With exposure therapy, you’ll face your social fears under the guidance of a therapist. The exposure starts off simple and then becomes more complex or intense over time.
Repeated exposure helps gradually lessen social anxiety. Once you’re able to manage your anxiety, your depression and mood may improve.
There are medications out there that may help with the symptoms of social anxiety and depression.
Selective serotonin reuptake inhibitors (SSRIs) are often the first line of defense when treating social anxiety and depression. These include paroxetine (Paxil, Pexeva) and sertraline (Zoloft).
Your doctor can also prescribe a serotonin-norepinephrine reuptake inhibitor (SNRI) like venlafaxine (Effexor XR), as well as combine an anti-anxiety medication with an antidepressant.
In addition to SSRIs and SNRIs, other medications used for anxiety include benzodiazepines like:
- alprazolam (Xanax)
- clonazepam (Klonopin)
- diazepam (Valium, Diastat, Diazepam Intensol, and Diastat AcuDial)
- lorazepam (Ativan and Lorazepam Intensol)
Anti-anxiety medications are often short-term solutions. Some of these medications can be habit-forming and have a sedative effect on some people. They may also have dangerous side effects when taken with alcohol.
Benzodiazepines carry a
Along with talk therapy and medication, lifestyle changes can help your recovery, including:
- avoiding alcohol and drug use, which can worsen symptoms of anxiety and depression
- exercising regularly
- getting plenty of sleep
- eating a balanced diet
It may also help to socialize in small settings with people you’re comfortable and familiar with. This can reduce loneliness and isolation, easing depression.
Ask a doctor for a referral to a mental health professional if you have symptoms of social anxiety or depression.
Finding a therapist in your area
These resources can help you find a mental health professional in your area:
Here are some questions you can ask a mental health professional when deciding if they’re a good fit:
- How will you diagnose my condition?
- Do you have experience treating people who have both anxiety and depression?

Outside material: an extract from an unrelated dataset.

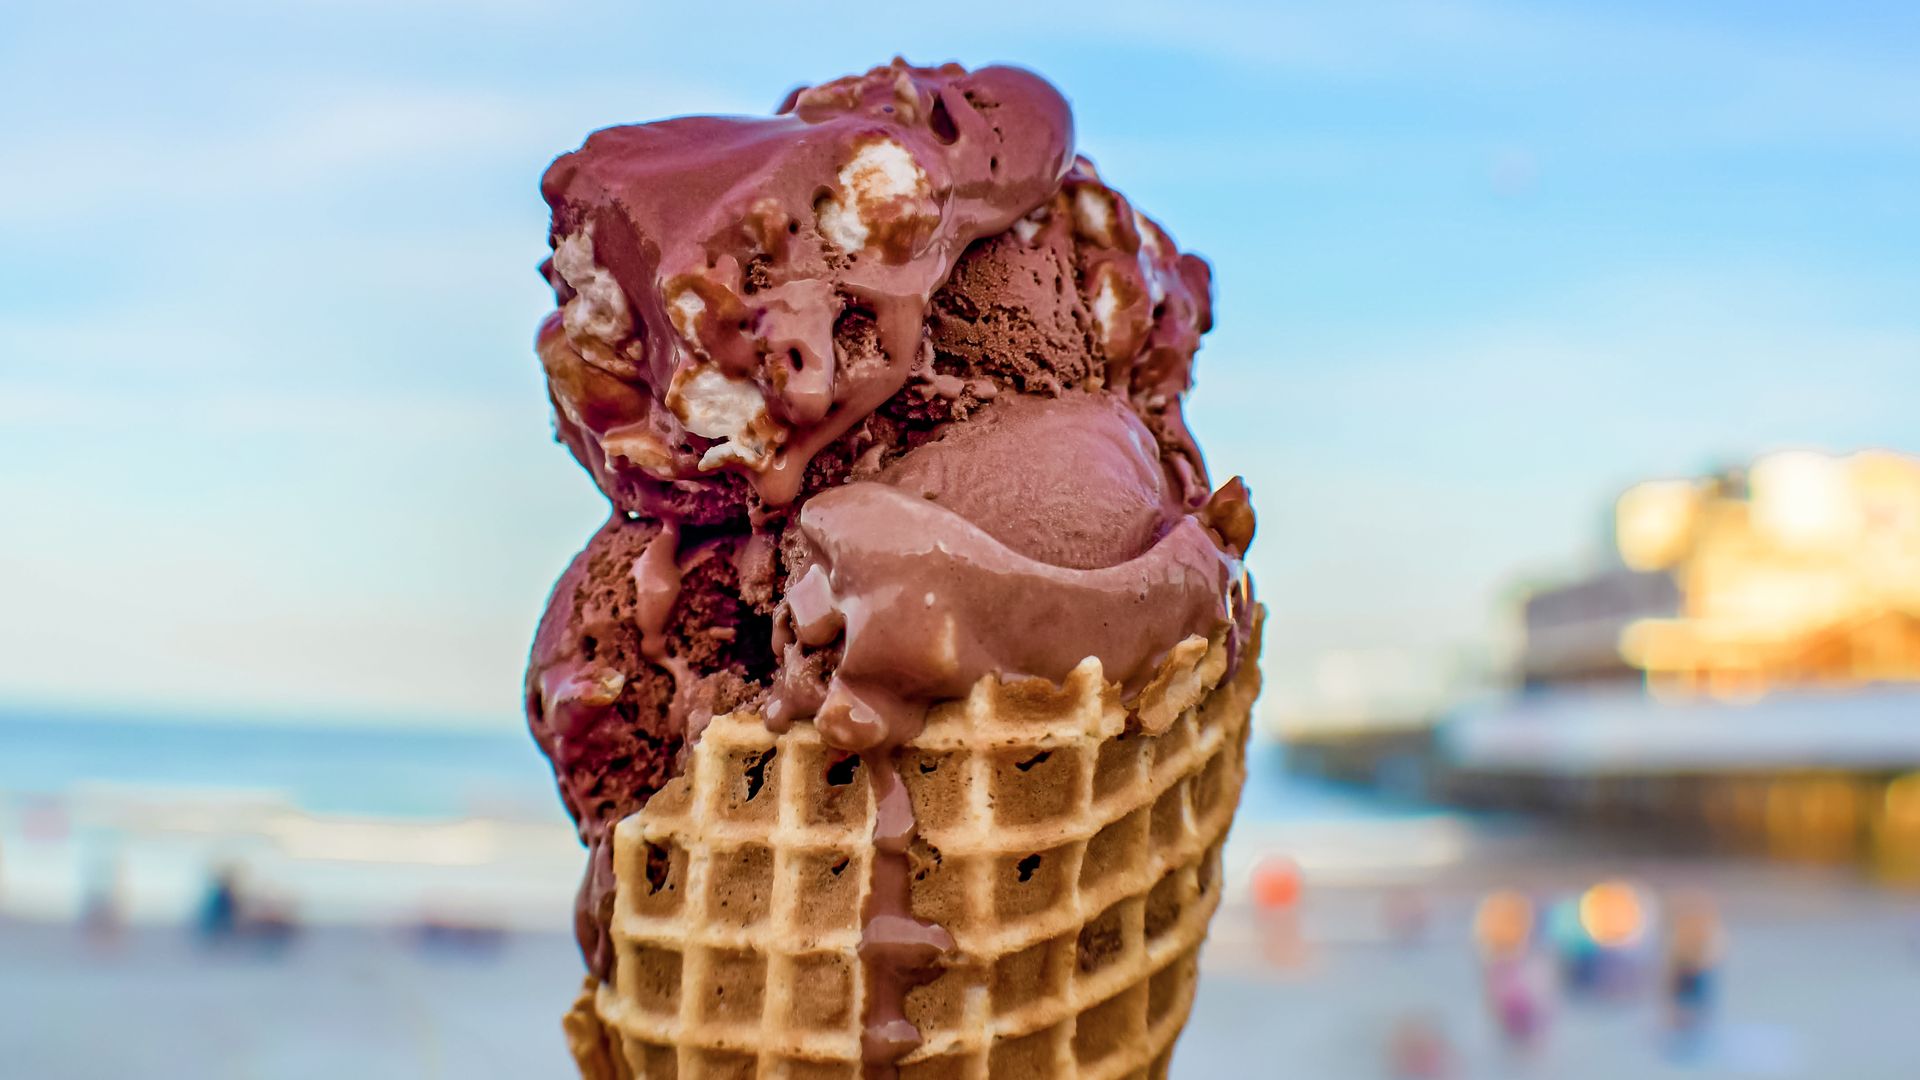 Photo of a Rocky Road ice cream scoop sitting in a waffle cone. It's held against the backdrop of a beach.
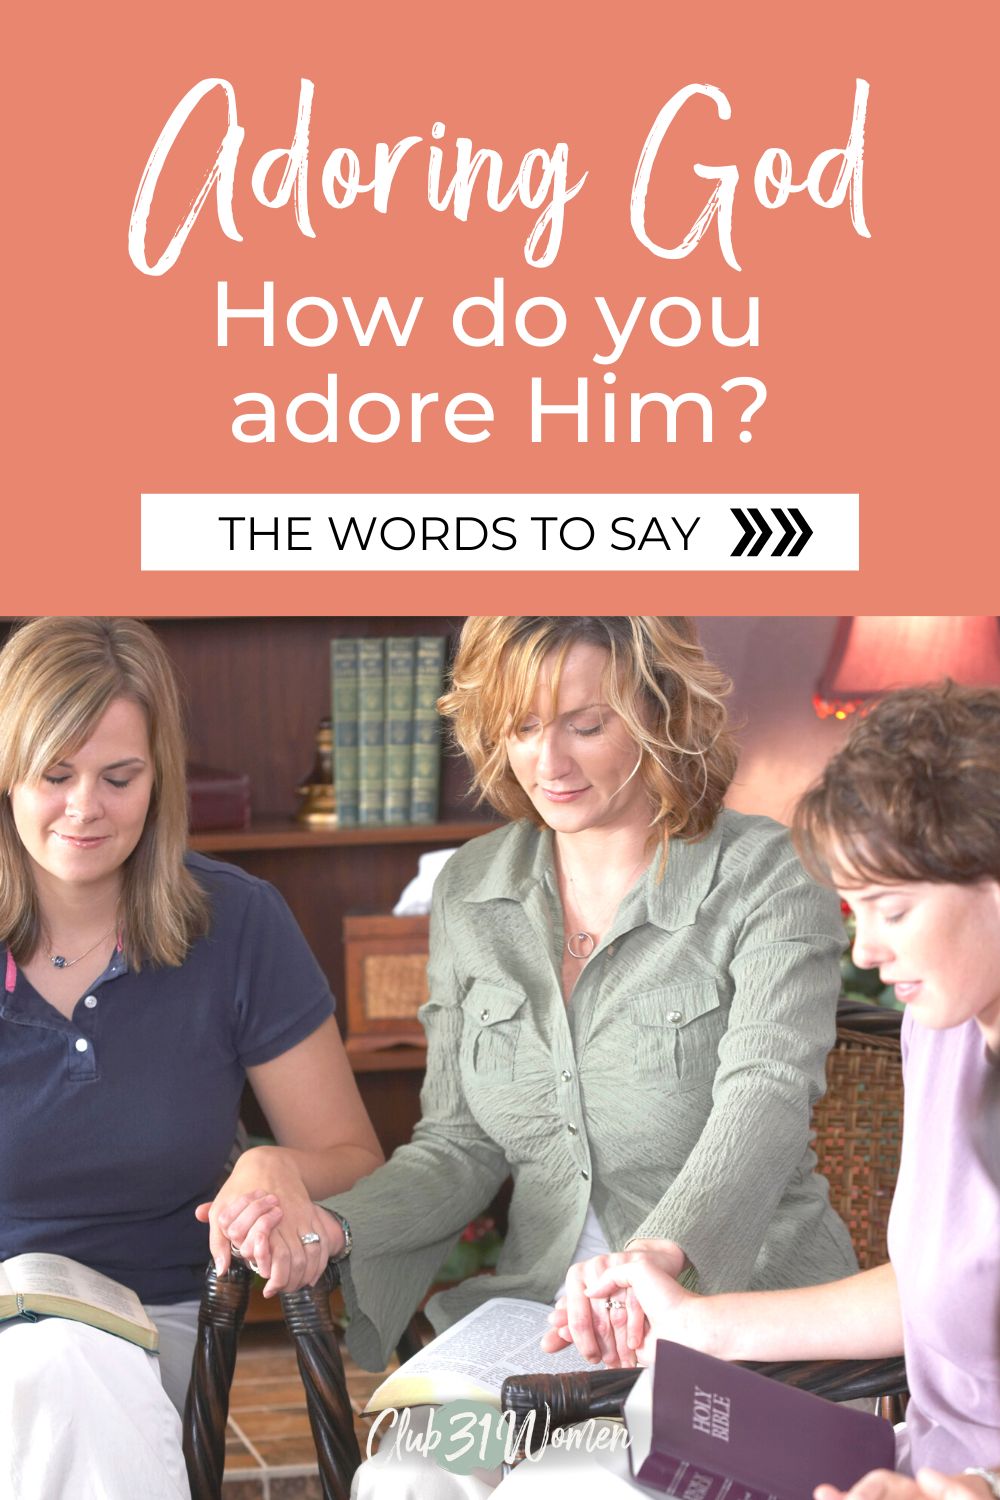 How You Can Adore God While In A Group of Women via @Club31Women

- How soon can I expect to feel better?
- What type of treatment or therapy do you think is right for me?
- What are the risks and benefits of different treatments for social anxiety and depression?
- What’s the success rate with treatment?
Living with symptoms of both social anxiety and depression can be challenging, but it’s important to know you are not alone. These two mental health conditions can often present together.
If you feel you’re living with the symptoms of social anxiety disorder, depression, or a combination of both, reach out to a doctor or mental health professional. They can help diagnose your condition and point you toward lifestyle changes, therapy, or medication.